Personal information
- Born: 12 February 1875 Swinton, Lancashire, England
- Died: 15 June 1953 (aged 78) Halifax, Yorkshire, England
- Batting: Right-handed
- Bowling: Right-arm fast-medium

Domestic team information
- 1898–1821: Warwickshire

Career statistics
| Competition | First-class |
| Matches | 372 |
| Runs scored | 14,289 |
| Batting average | 23.61 |
| 100s/50s | 15/69 |
| Top score | 216 |
| Balls bowled | 17,082 |
| Wickets | 295 |
| Bowling average | 30.09 |
| 5 wickets in innings | 7 |
| 10 wickets in match | 1 |
| Best bowling | 6/45 |
| Catches/stumpings | 194/– |
- Source: CricInfo, 24 April 2023

= Crowther Charlesworth =

English cricketer

Crowther Charlesworth (12 February 1875 – 15 June 1953) was an English cricketer.
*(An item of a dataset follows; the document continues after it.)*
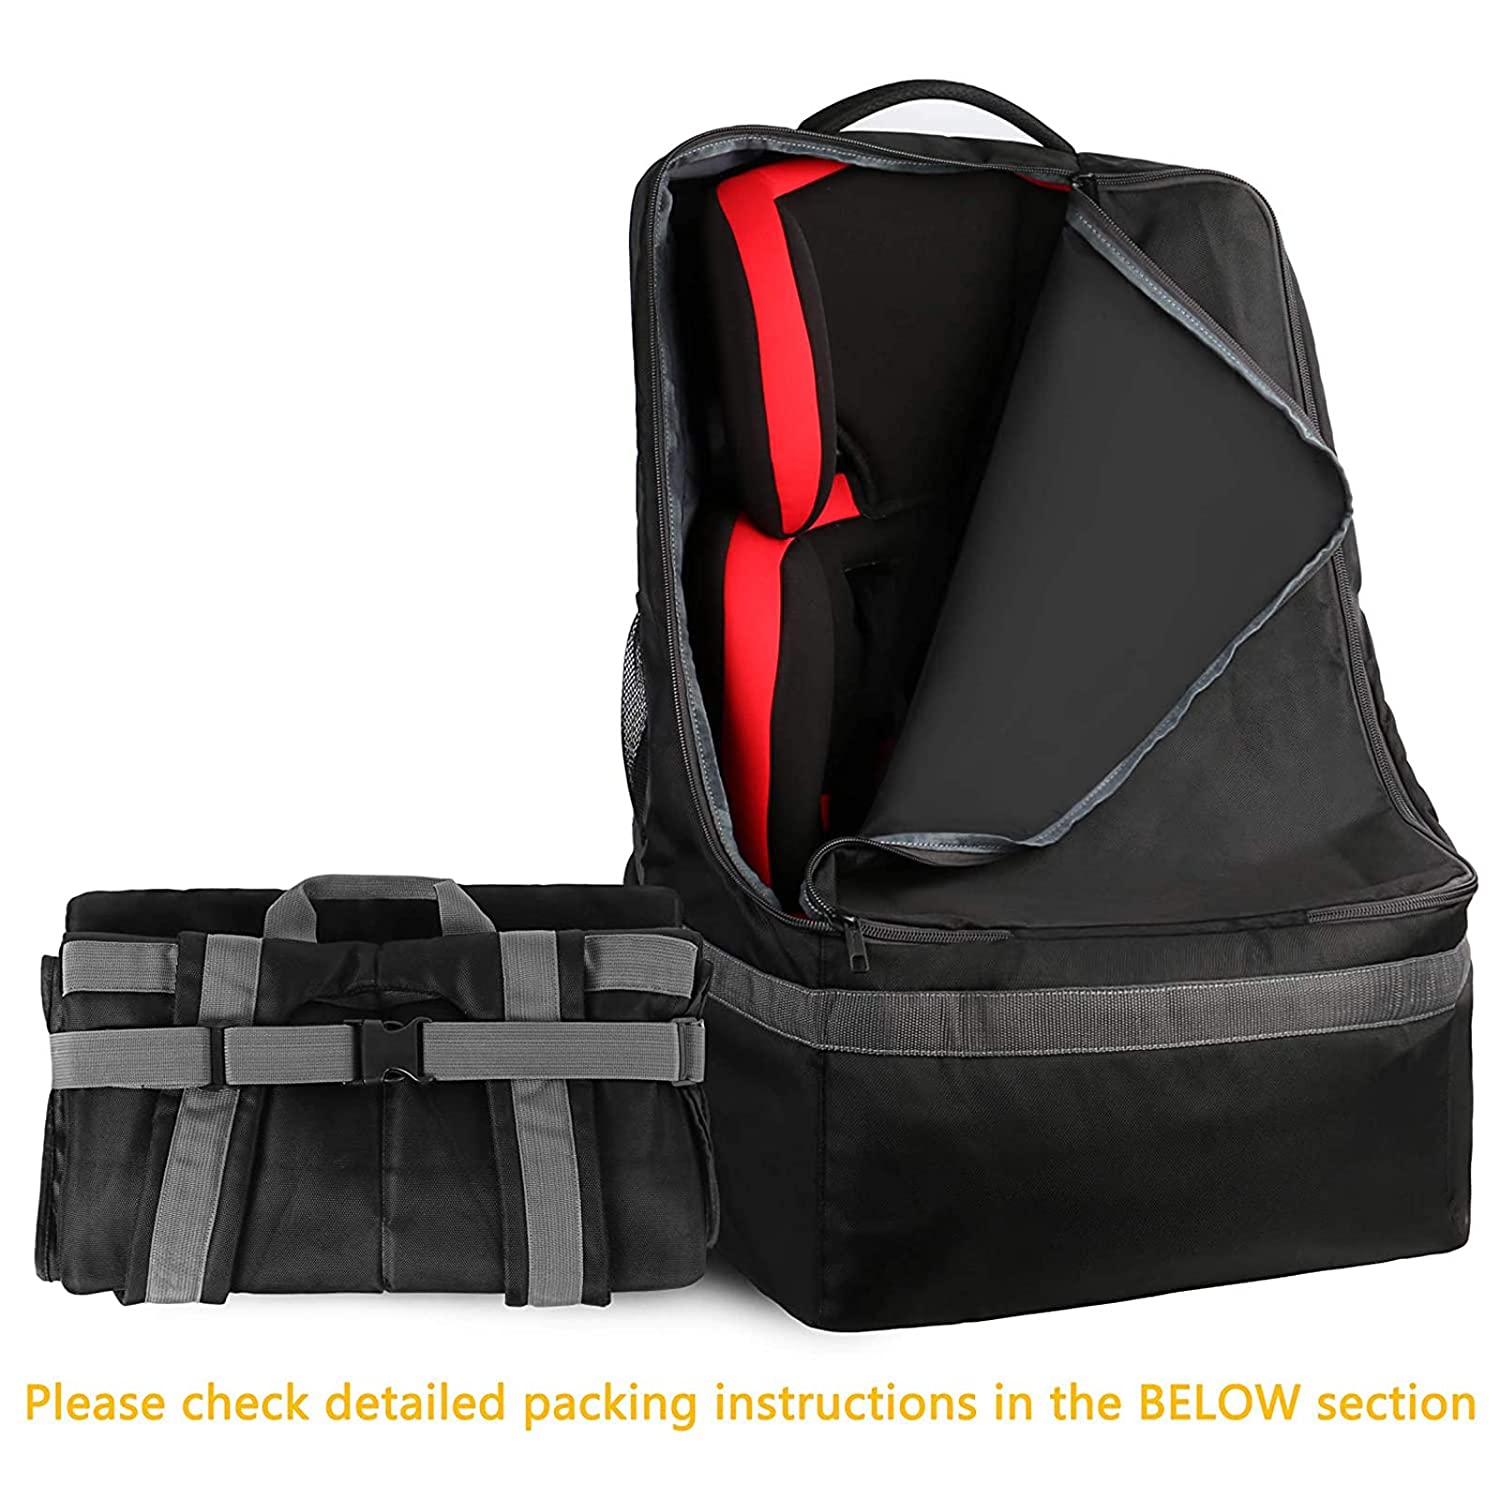 Car Seat Travel Bag, Large Durable Padded Carseat Carrier Bag, Airport Gate  Check Bag, Infant Seat Travel Bag, Black
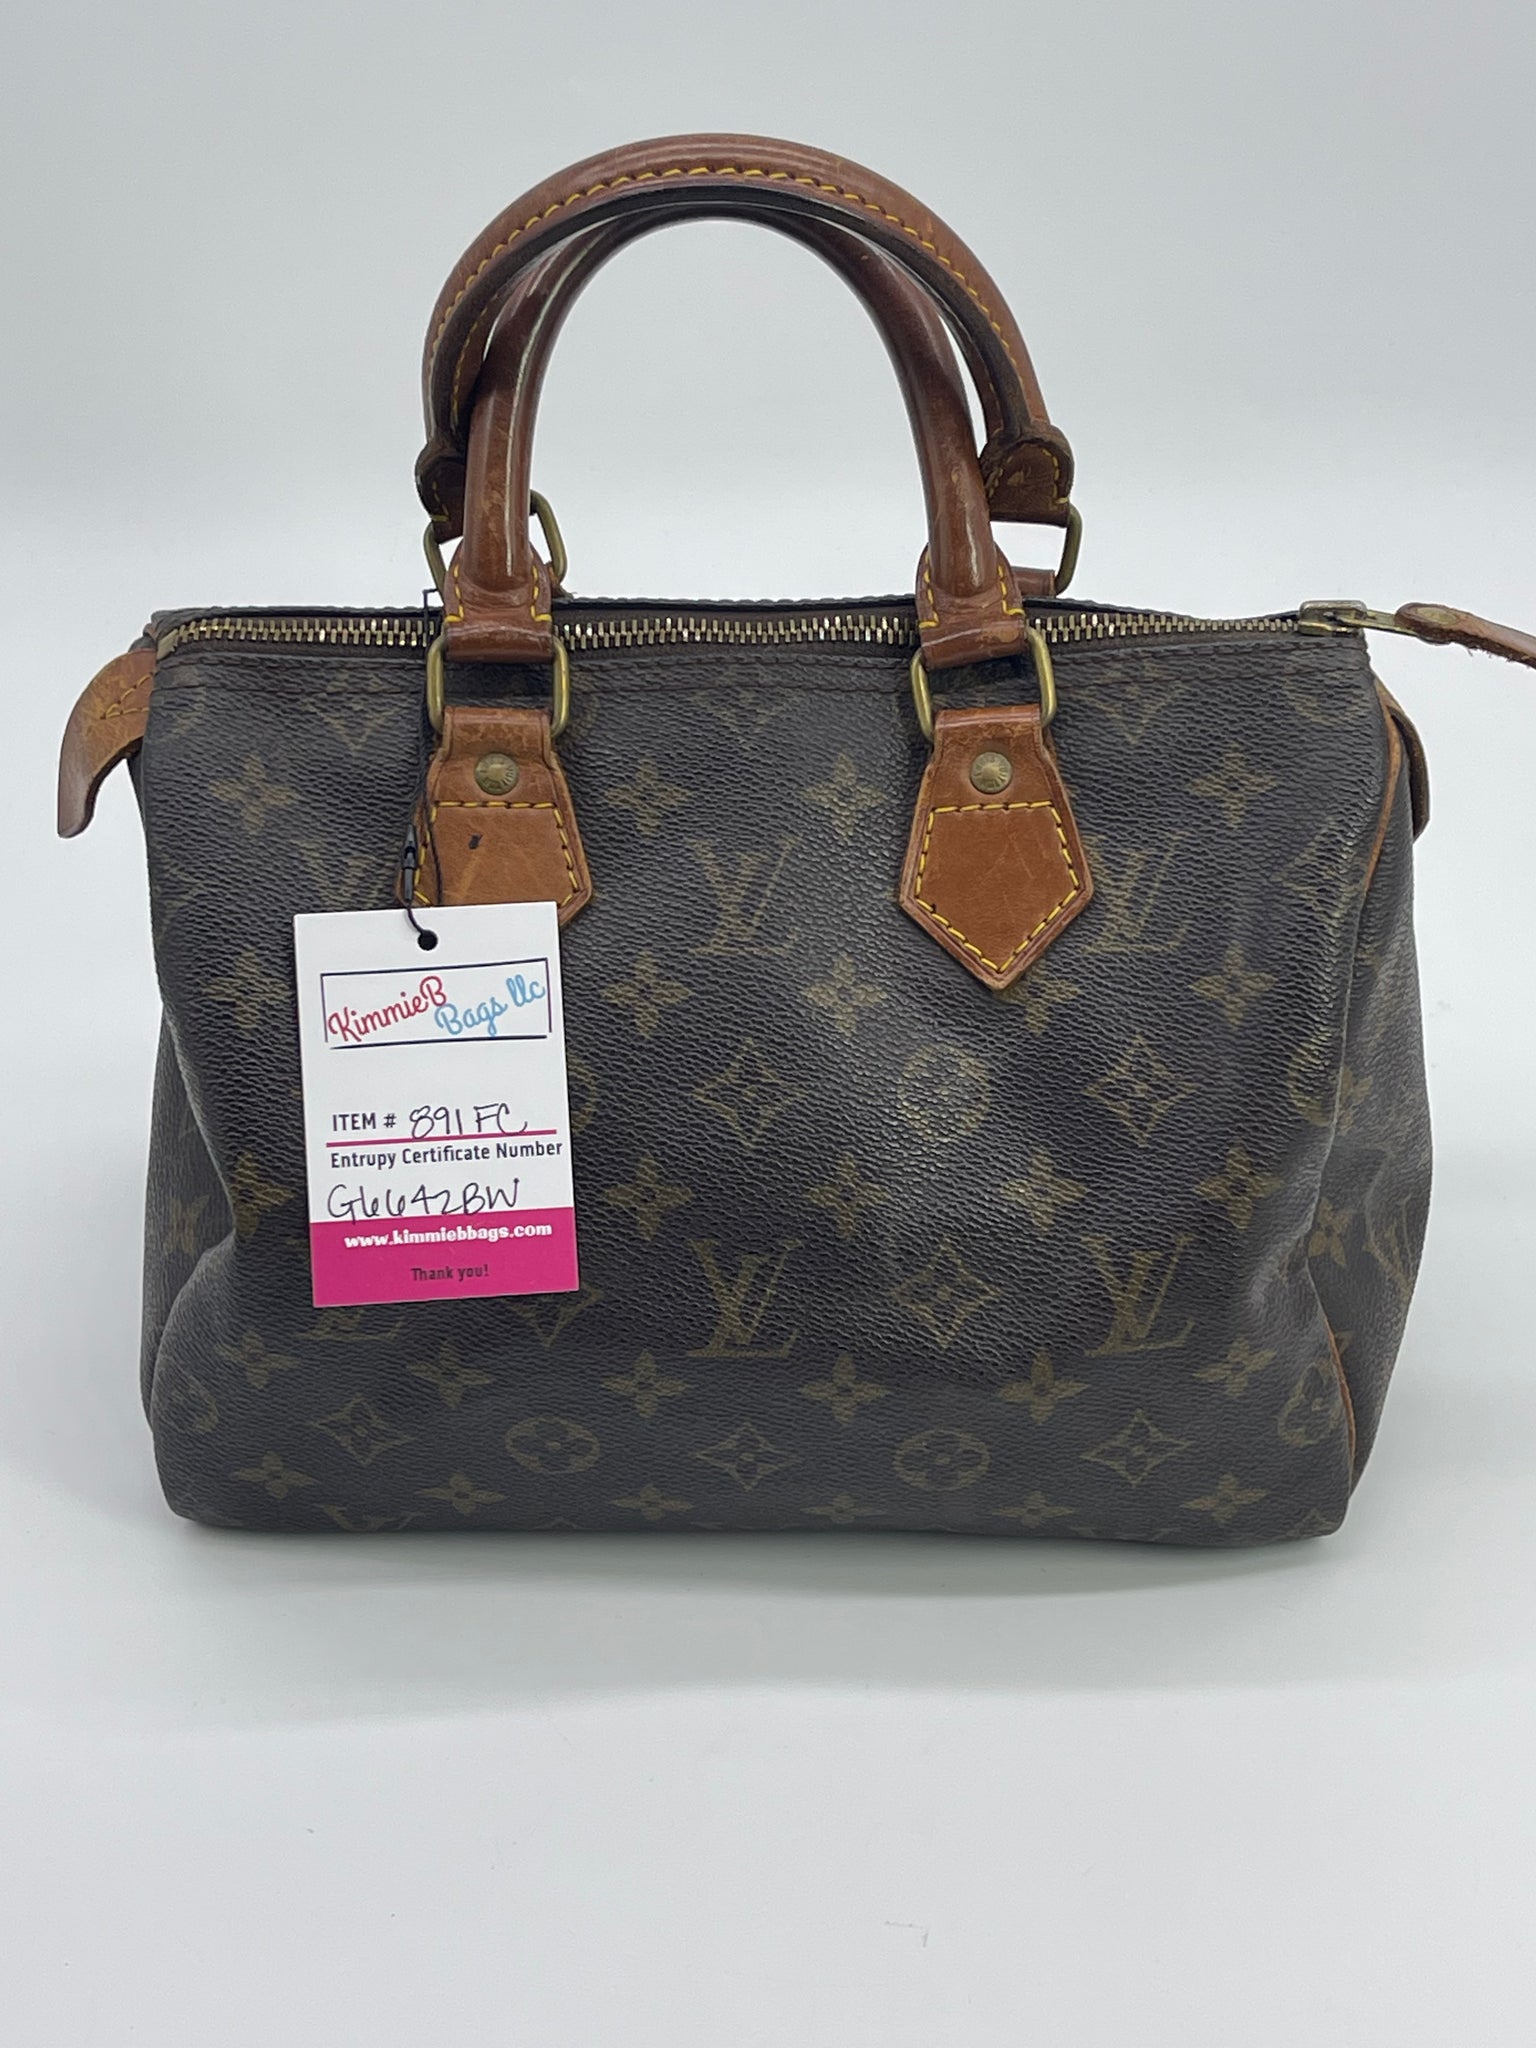 Personalized Louis Vuitton Speedy 25 / Louis Vuitton Perfect for me!!! <3

He was a right-hand batsman and right-arm fast-medium bowler who played for Warwickshire.

Born in Swinton, Lancashire, Charlesworth began his first-class career in 1898 and played regularly for Warwickshire until 1921. Despite missing a number of seasons because of the First World War, he still made 372 matches for the county scoring 14,289 at an average of 23.61 and taking 295 wickets at 30.09.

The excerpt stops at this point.